The investigation comes under the Lisbon Treaty’s “abuse of dominant position” powers and is the first time that Google has been targeted by the European Union.
It has been revealed that the Commission has written to Google with a series of questions over how its search functions operate and also questioned the way it sells advertising.
It acted after complaints from the UK search site Foundem, a price comparison site, Ciao, an online shopping site owned by Microsoft, and ejustice.fr, a French site which details legal cases and solicitor services.
Foundem claims that Google, which has a 90pc share of the search market in the UK, has penalised the site with a “search penalty” on its business.

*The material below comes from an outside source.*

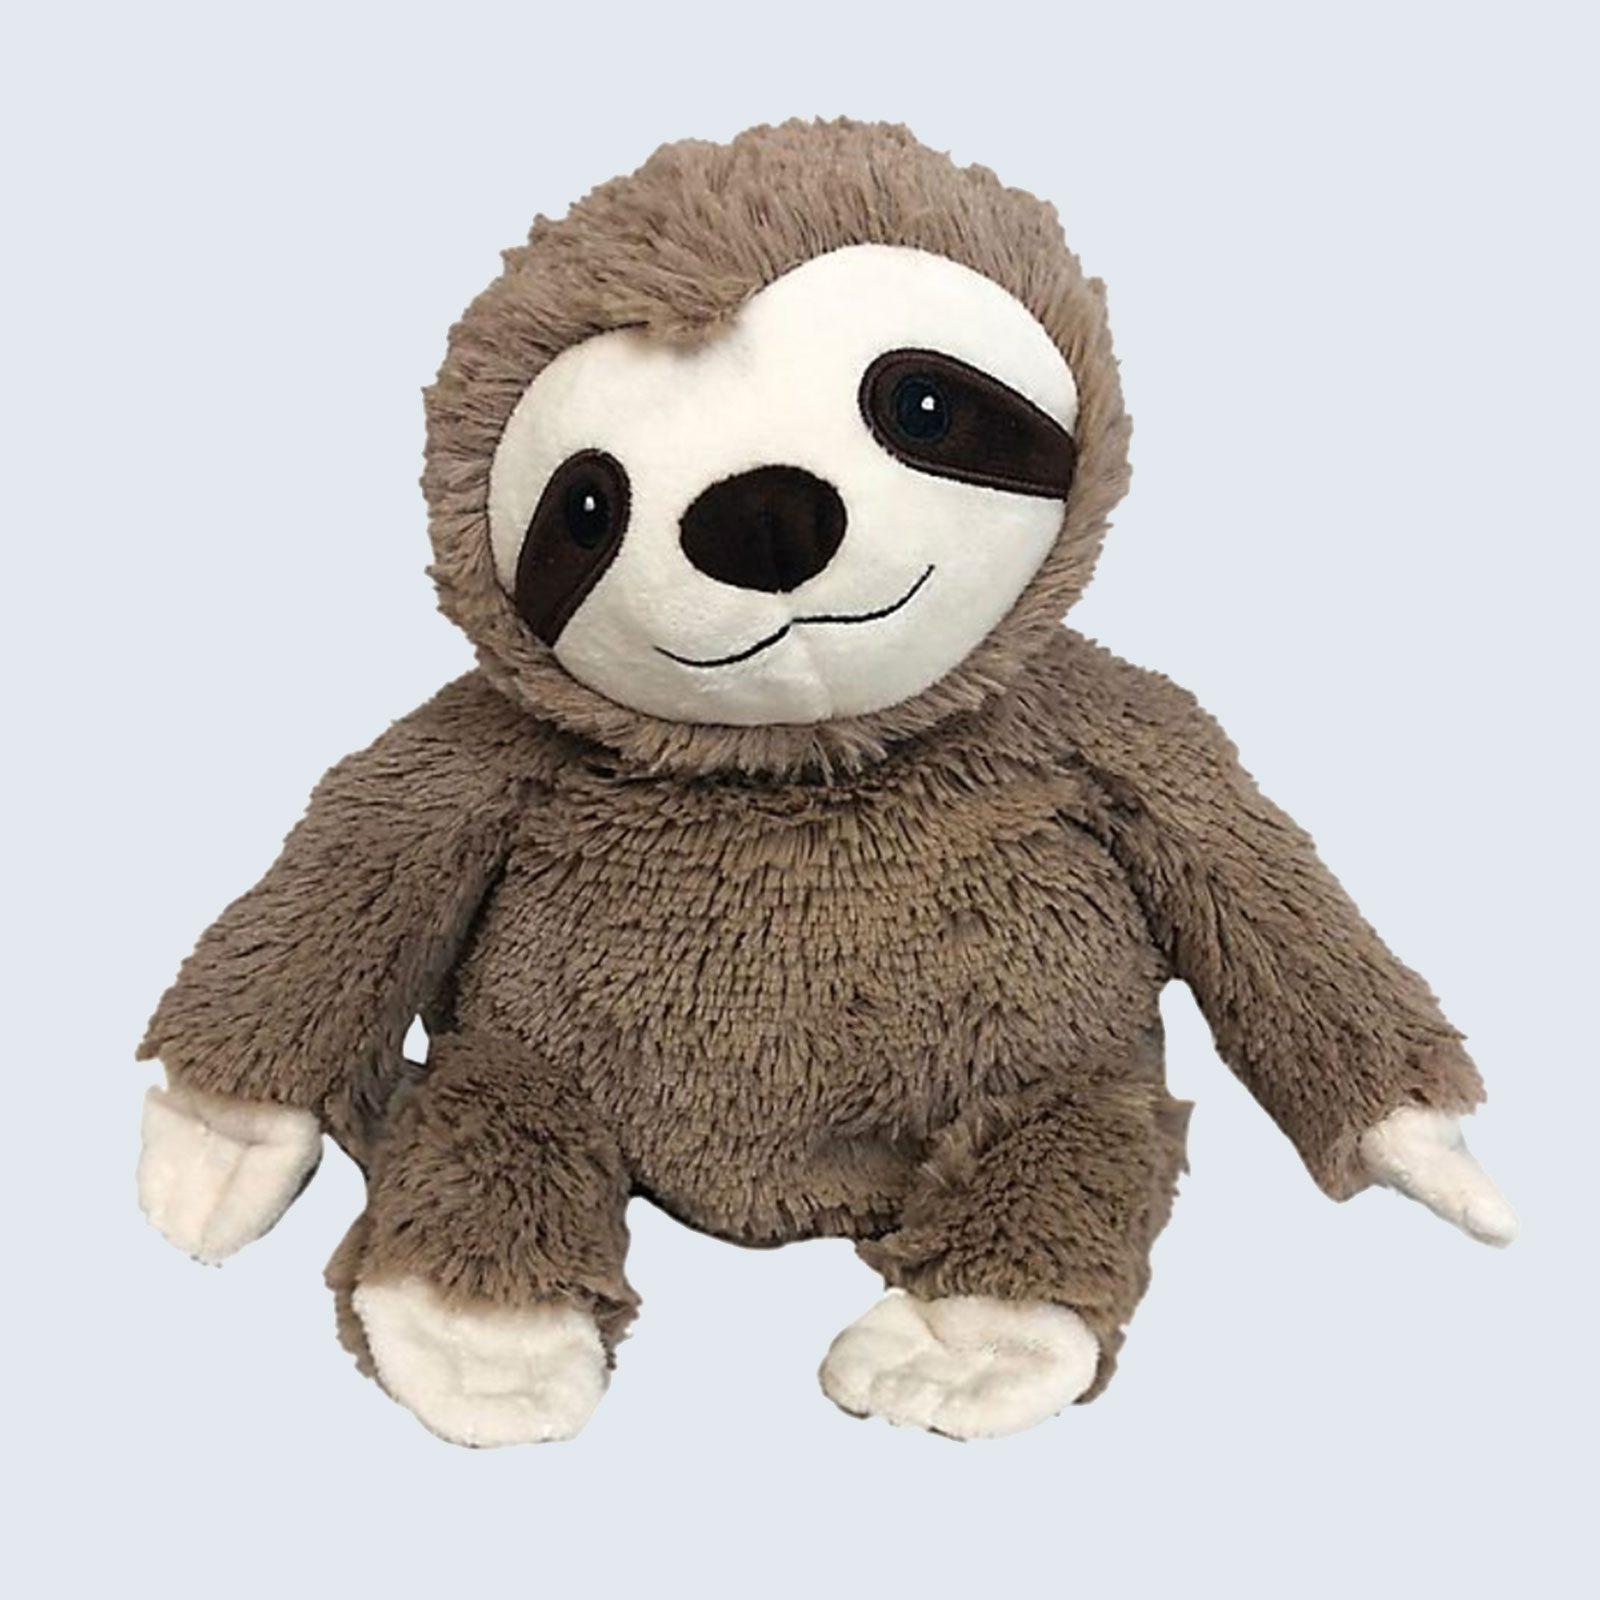 Warmies Plush Sloth

In a post last August on its site, Foundem said: “Google has always used various penalty filters to remove certain sites entirely from its search results or place them so far down the rankings that they will never be found.
“Whereas these penalties used to be reserved for spam, or sites caught attempting to cheat Google’s algorithms, they are now increasingly targeted at perfectly legitimate vertical search and directory services.

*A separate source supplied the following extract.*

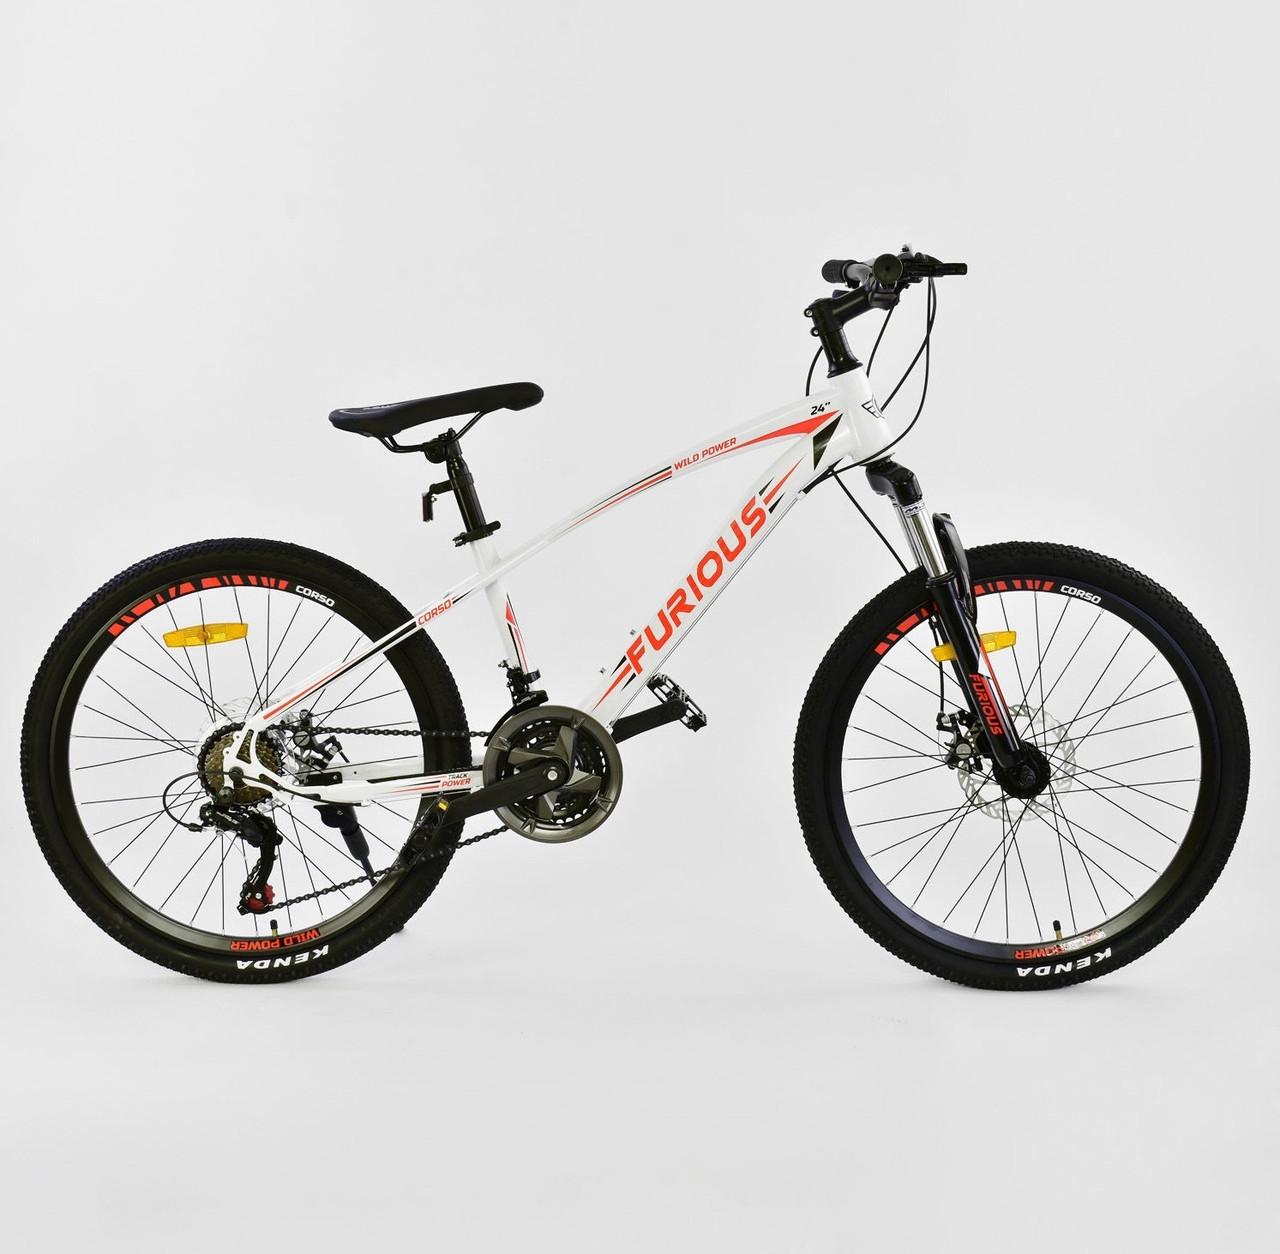 "Corso Велосипед Corso 24"" Furious White / Red (JYT 009 - 9983)"

“It may not be coincidence that, collectively, these services present a nascent competitive threat to Google’s share of online advertising revenues.”
Foundem claims that Google lifted the “penalty” in December, resulting in an increase in traffic from Google searches of “10,000pc overnight”.
Google has dismissed the claims, saying that its search algorithms are aimed at pointing people to the best sites and that it does not pick and choose favourites.
Company sources argued that Foundem struggled on Google search because it had little original content.
In a post published on Wednesday morning, Google said: “We’ve always worked hard to ensure that our success is earned the right way, through technological innovation and great products, rather than by locking in our users or advertisers or creating artificial barriers to entry.”
The Commission’s action marks the latest round in the increasingly acrimonious battle between Google and Microsoft which senior Google sources accuse of waging a “lobbying campaign” against the Californian firm.
Ciao was bought by Microsoft in 2008 for nearly $500m (€369m) and is now called Ciao Bing, after Microsoft’s search engine. Foundem is a member of ICOMP, an internet pressure group which receives funding from Microsoft.
A spokesman for ICOMP said that it was backed by a number of companies and was only interested in promoting transparency and fair competition on the web.